Partition Array

Given an array nums of integers and an int k, partition the array (i.e move the elements in "nums") such that:

• All elements < k are moved to the left
• All elements >= k are moved to the right

Return the partitioning index, i.e the first index i nums[i] >= k.

Notice

You should do really partition in array nums instead of just counting the numbers of integers smaller than k.

If all elements in nums are smaller than k, then return nums.length

Example

If nums = [3,2,2,1] and k=2, a valid answer is 1.

Challenge

Can you partition the array in-place and in O(n)?

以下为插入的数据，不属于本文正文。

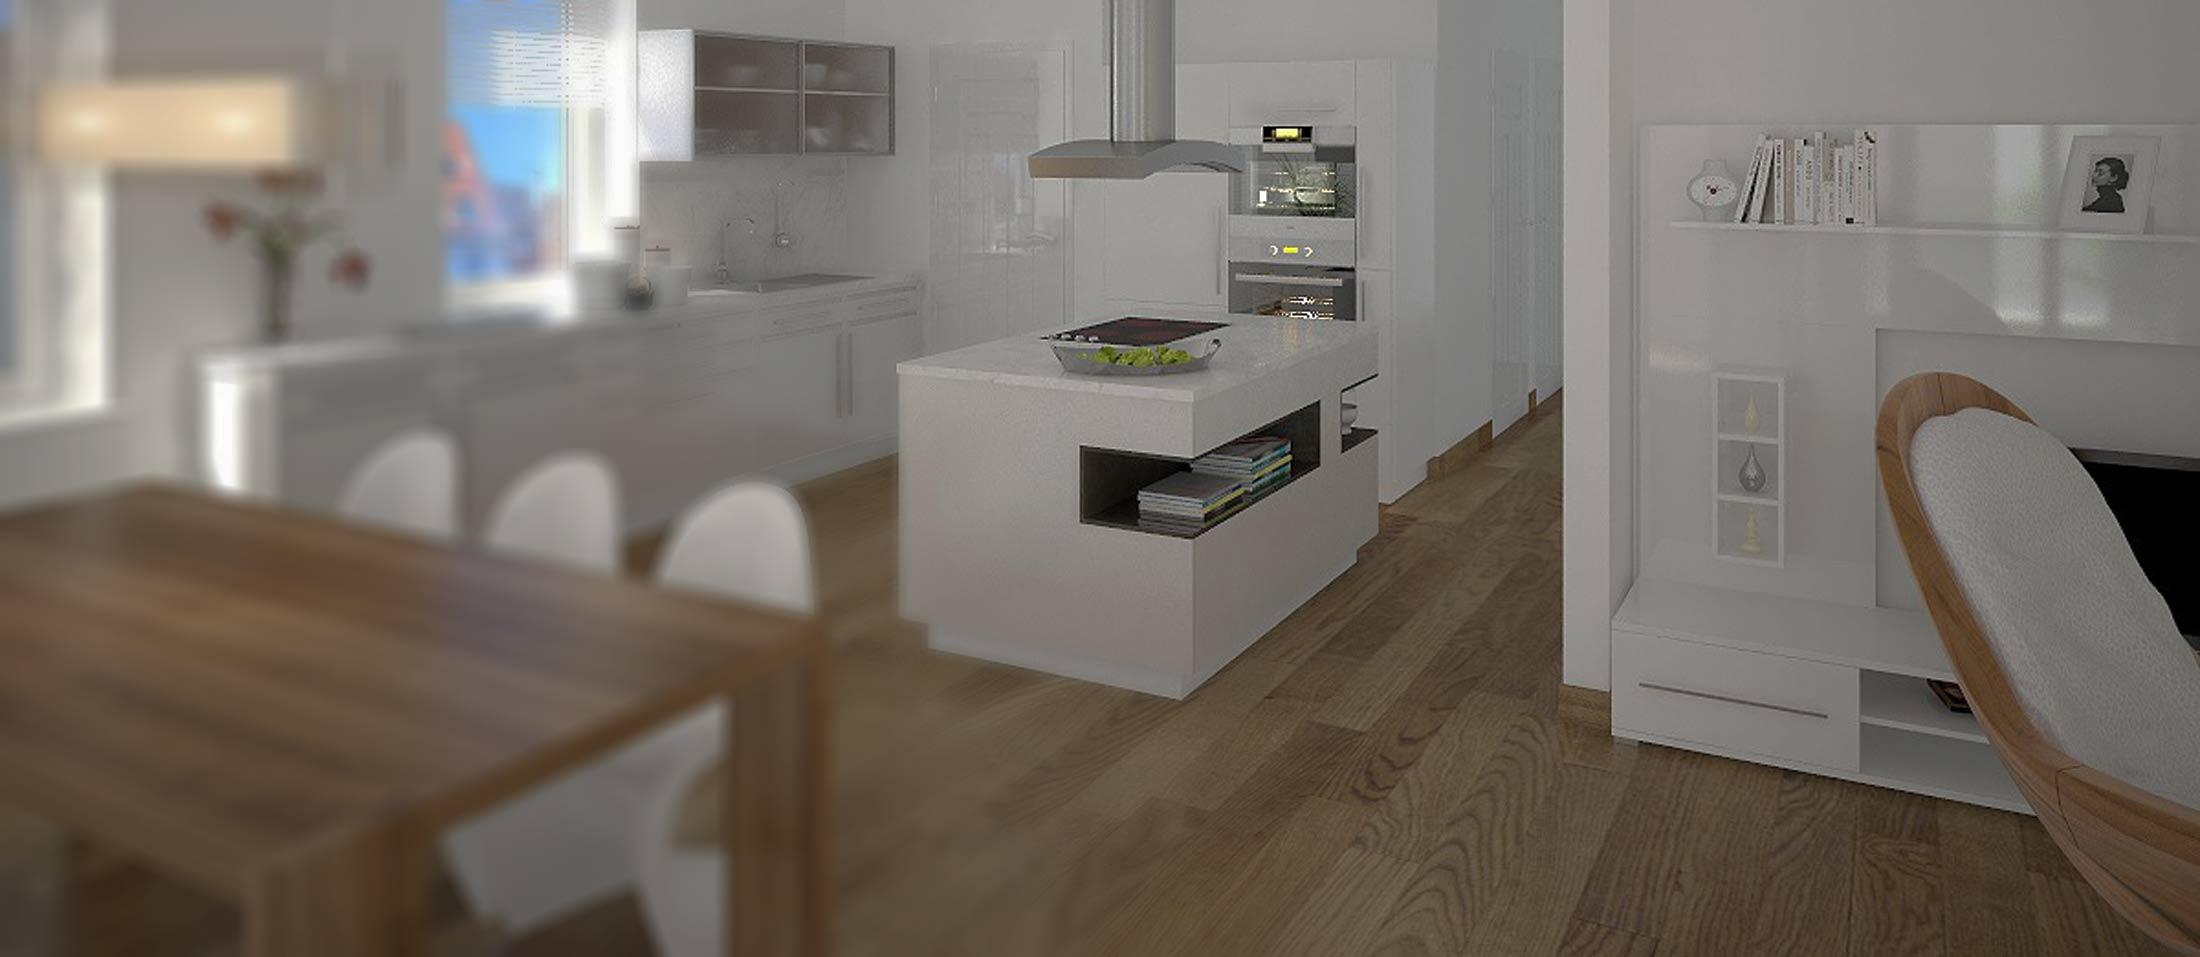 schn ppchen h user kaufen landhaus kaufen verkehrswert berechnen verkaufen haus immobilien haus. Black Bedroom Furniture Sets. Home Design Ideas
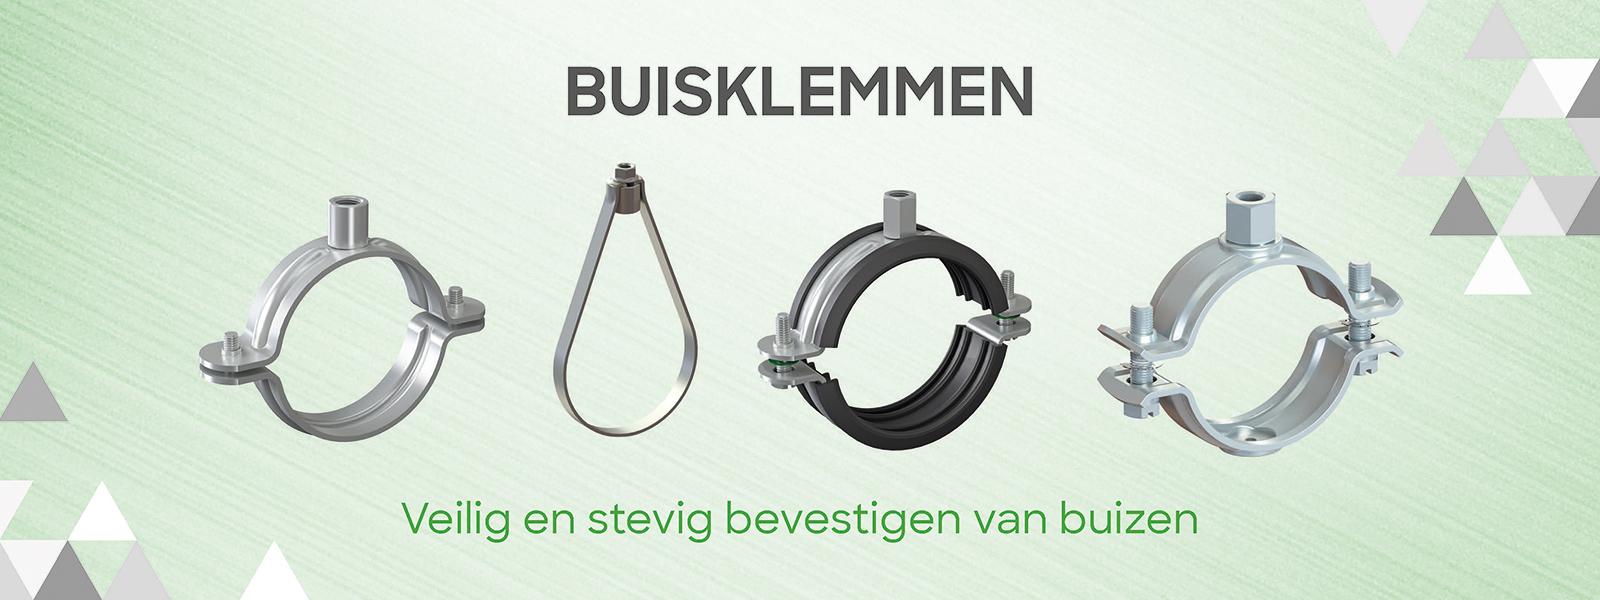 buisklemmen_banner_nl
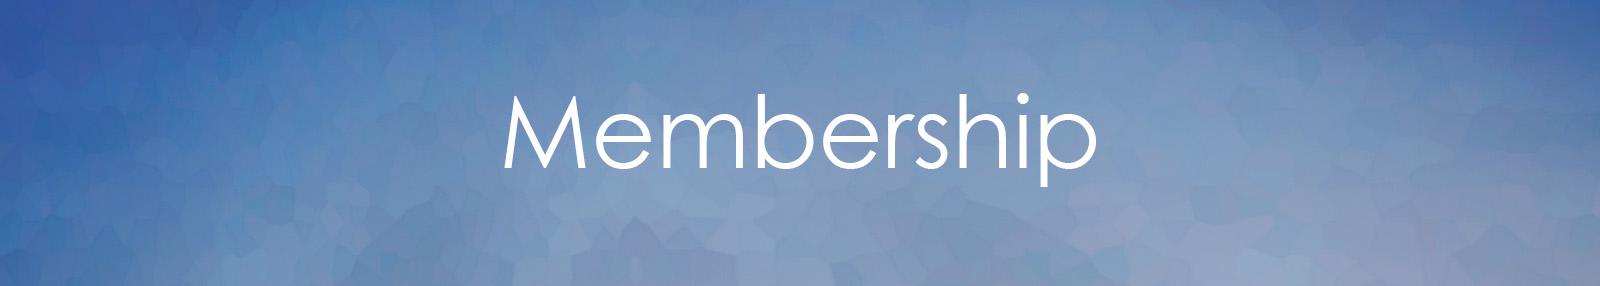 header_image_membership

此题是利用快速排序的思想，比较简单吧算是，但是细节需要注意一下。

有个错误解法，如下：

public class Solution {
    /**
     *@param nums: The integer array you should partition
     *@param k: As description
     *return: The index after partition
     */
    public int partitionArray(int[] nums, int k) {
        int left = 0;
        int right = nums.length - 1;
        while (left < right) {
            while (left < right && nums[left] < k) {
                left++;
            }
            while (left < right && nums[right] >= k){
                right--;
            }
            if (left >= right) {
                break;
            }
            swap(nums, left, right);
            left++;
            right--;
        }
        return left;
    }
    public void swap(int[] nums, int a, int b) {
        int tmp = nums[a];
        nums[a] = nums[b];
        nums[b] = tmp;
    }
}

这种解法没有考虑到全部数字都小于target的情况，while里面的条件应该是left<=right，这样，即使循环到最后一步，left和right重合，left还要++才能返回数组的长度。

正确解法如下：

public class Solution {
    /**
     *@param nums: The integer array you should partition
     *@param k: As description
     *return: The index after partition
     */
    public int partitionArray(int[] nums, int k) {
        int left = 0;
        int right = nums.length - 1;
        while (left <= right) {
            while (left <= right && nums[left] < k) {
                left++;
            }
            while (left <= right && nums[right] >= k){
                right--;
            }
            if (left > right) {
                break;
            }
            swap(nums, left, right);
            left++;
            right--;
        }
        return left;
    }
    public void swap(int[] nums, int a, int b) {
        int tmp = nums[a];
        nums[a] = nums[b];
        nums[b] = tmp;
    }
}

当然我当时的第一想法不是这样做的，while条件里面只要不越界就可以继续循环：

public class Solution {
    /**
     *@param nums: The integer array you should partition
     *@param k: As description
     *return: The index after partition
     */
    public int partitionArray(int[] nums, int k) {
        int left = 0;
        int right = nums.length - 1;
        while (left < right) {
            while (left < nums.length && nums[left] < k) {
                left++;
            }
            while (right >= 0 && nums[right] >= k){
                right--;
            }
            if (left >= right) {
                break;
            }
            swap(nums, left, right);
            left++;
            right--;
        }
        return left;
    }
    public void swap(int[] nums, int a, int b) {
        int tmp = nums[a];
        nums[a] = nums[b];
        nums[b] = tmp;
    }
}

也通过了。。。有一点需要注意的是，不要把left++写到while里面，通不过，也是奇怪得很。。。

while (left < nums.length && nums[left++] < k)；

这样。。。